You will need to dig into logs (check Status Code Ref Guide for relevant logs), look at OS logs, even check free space on master server, diskpool, etc.
Be sure that NBU catalog backups run at regular intervals and that they complete successfully.
I agree with @pats_729 - it could be network issues causing these errors. Get your network team involved to monitor switch logs and network comms during peak backup time.
Are you using OST?
I've found in my environment that sometimes when the OST on a media server goes haywire and can't communicate with the storage device, it reports the storage device as down.
Its a painful process to troubleshoot if you have many media servers.
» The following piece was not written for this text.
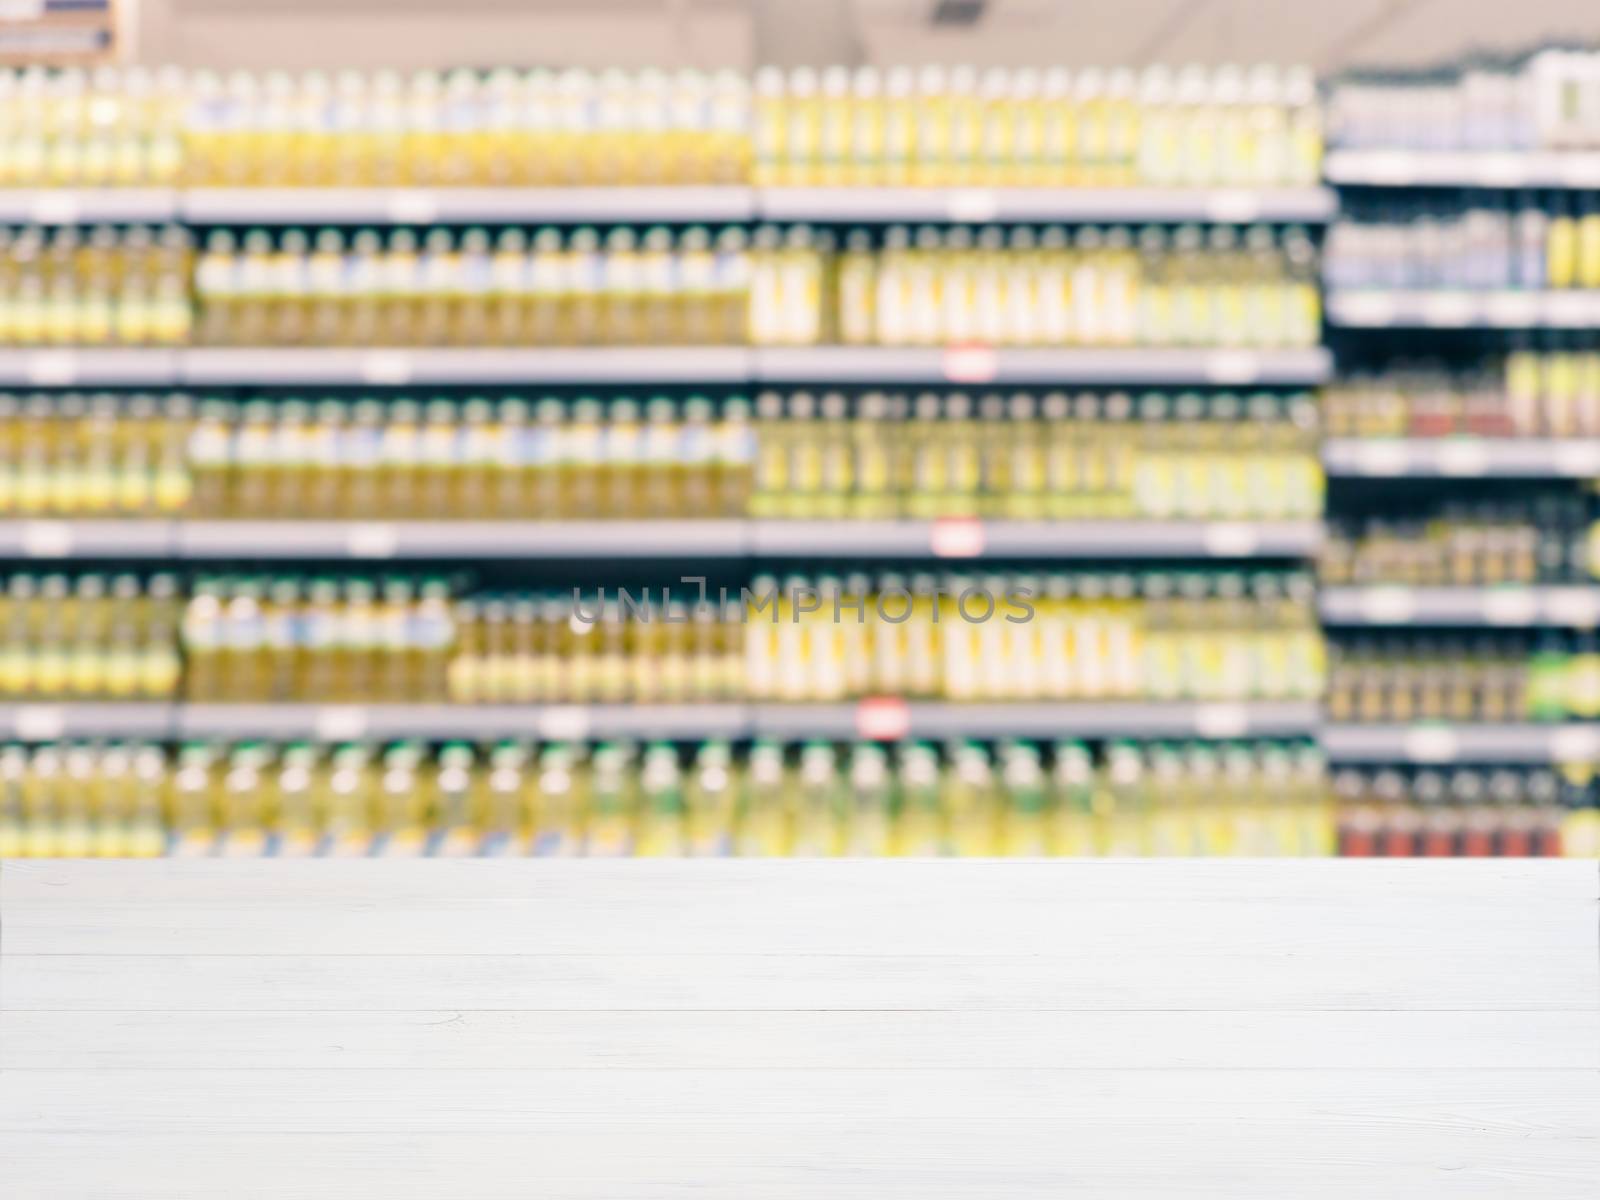  Blurred colorful supermarket products on shelves by fascinadora
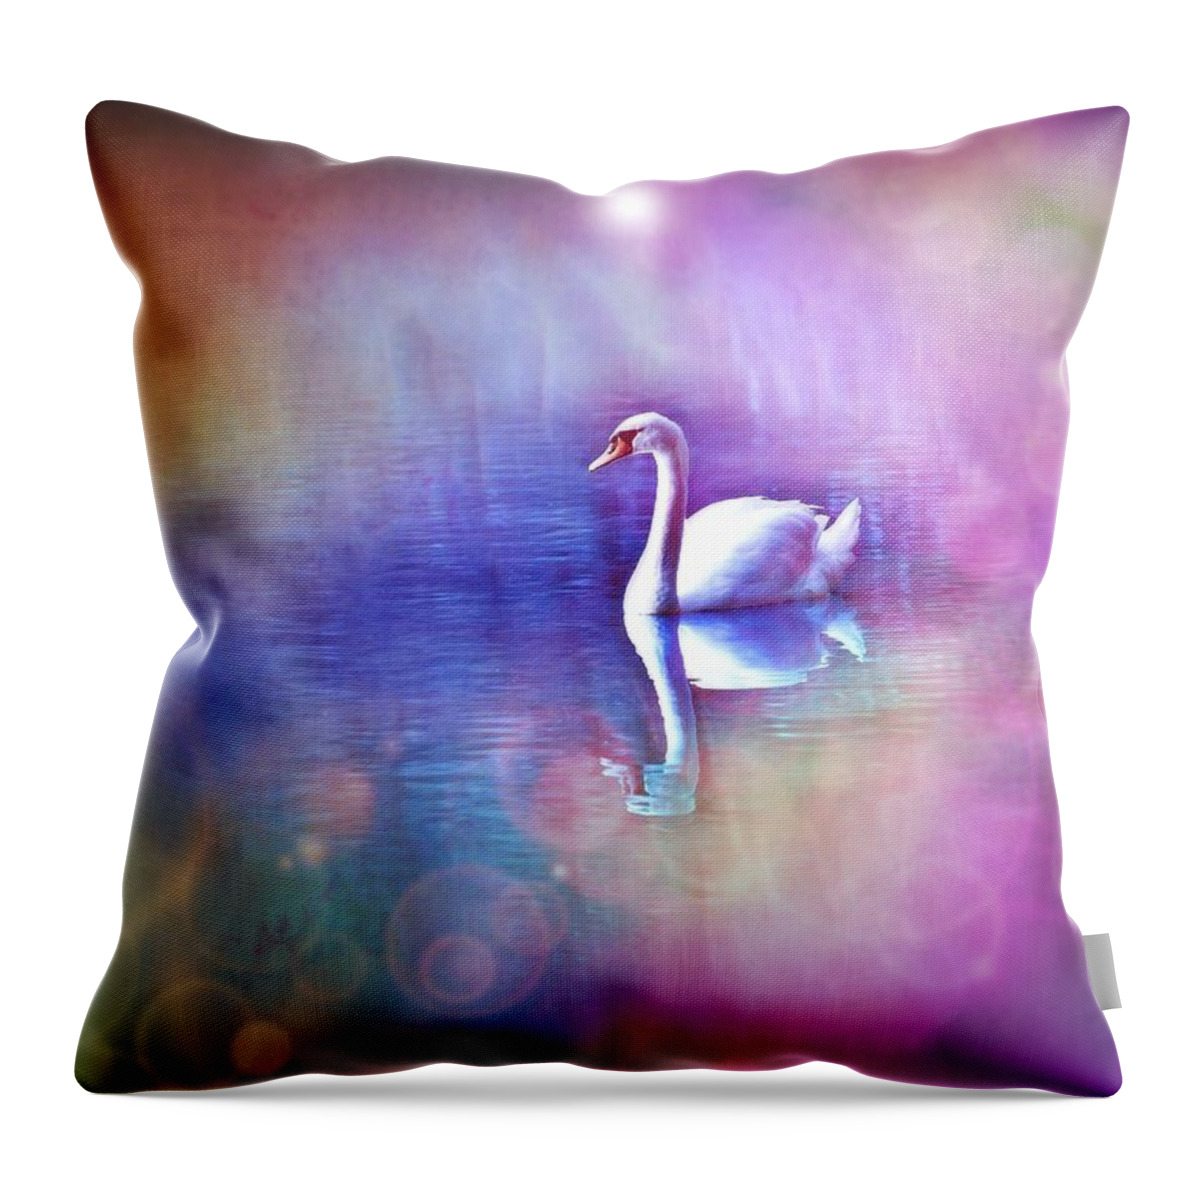 White Swan Throw Pillow featuring the digital art White Swan in colorful fog by Lilia S

Thank you for your response, we use appliances as media server.
I can't explain why some jobs fail with "disk down" errors and other jobs pointing to the same appliance, same disk pool, same storage unit don't.
This is a bank and now we are on "freeze" so no changes have been done in the environment.
I'm really lost here because a couple of weeks ago we have another weird problem, jobs didn't start automatically so we have to failover the cluster twice in order to get the jobs starting automatically.
Now all these problems suddenly come up, I could understand a couple of errors with some servers but so many errors with so many servers. full and differential SQL backup errors, SAN disappearing, disk down for some jobs... Errors like 2106, 5403,87,2075,6,13,156,230,83,25,42,54,2074. :(
SAN disappearing ? Really? What is being done about that?
Sometimes no changes also means no maintenance.
I have mentioned a number of things that you can check.
You really need to have a good look at the environment.
Bear in mind that NetBackup is reporting the problems. Hardly ever causing it.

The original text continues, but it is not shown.